An Introduction to Two Platforms on Asian Language Processing: Workshop on Asian Translation and Asian Language Treebank Project

Dr. ChenChen Ding

National Institute of Information and Communication Technology (NICT), Japan

In this talk, I will introduce two platforms for Asian language processing: Workshop on Asian Translation (WAT) and Asian Language Treebank (ALT) Project, covering the translation evaluation on mainstream Asian languages, and the corpus construction for low-resource Asian languages.

The WAT is an open machine translation evaluation campaign focusing on Asian languages. It has no deadline for the automatic translation quality evaluation, as the test data is fixed and open. Registered participants can submit translation results at any time. Further human evaluation for specific tasks is conducted on the annual workshop. WAT covers the translation tasks between English and Chinese/Japanese/Korean /Hindi/Indonesia on various fields.

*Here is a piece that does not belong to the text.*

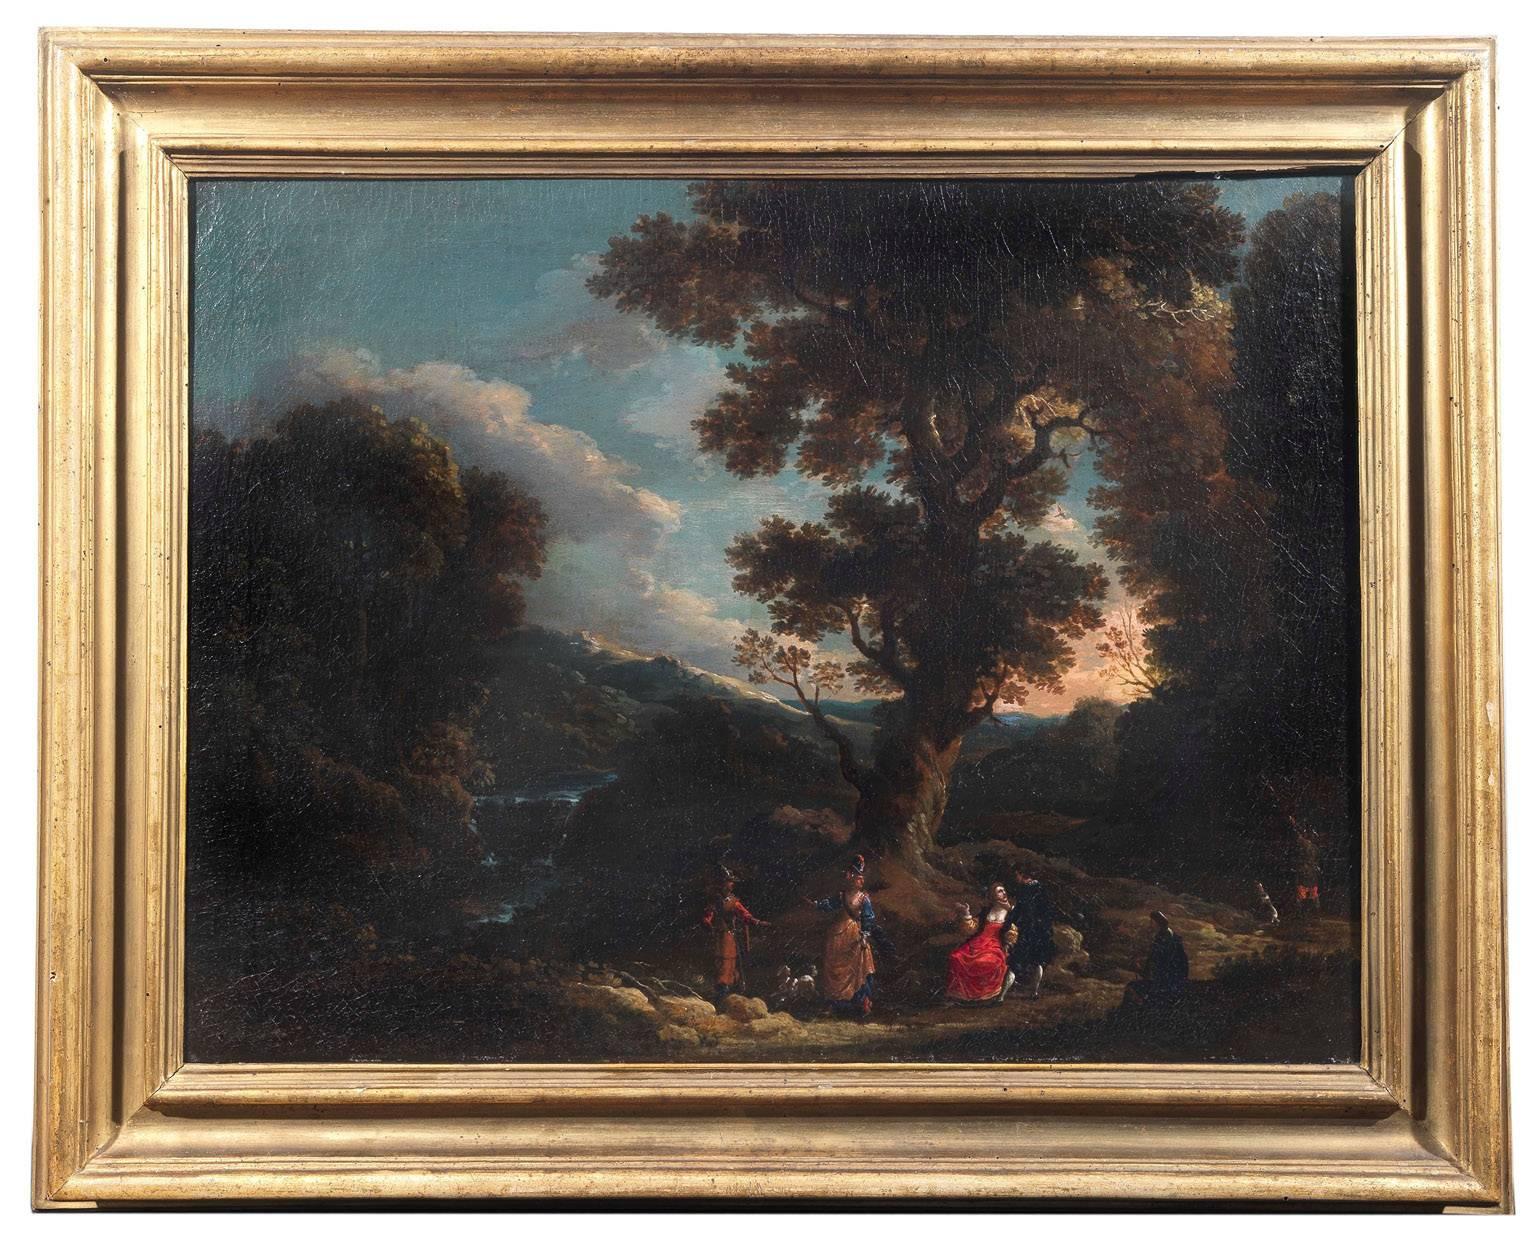 Landscape with hunting scene - Painting by Filippo Napoletano

The ALT project aims to promote natural language processing techniques on low-resource Asian languages, through the open collaboration with institutes and universities in ASEAN. The ALT is a parallel treebank for English, Japanese, and official languages in ASEAN, including Burmese (Myanmar), Khmer (Cambodian), Laotian, Malay, Tagalog (Filipino), Thai, and Vietnamese. ALT includes word segmentation, part-of-speech tags, syntactic analysis annotations, together with word alignment between English and other languages on 20, 000 sentences.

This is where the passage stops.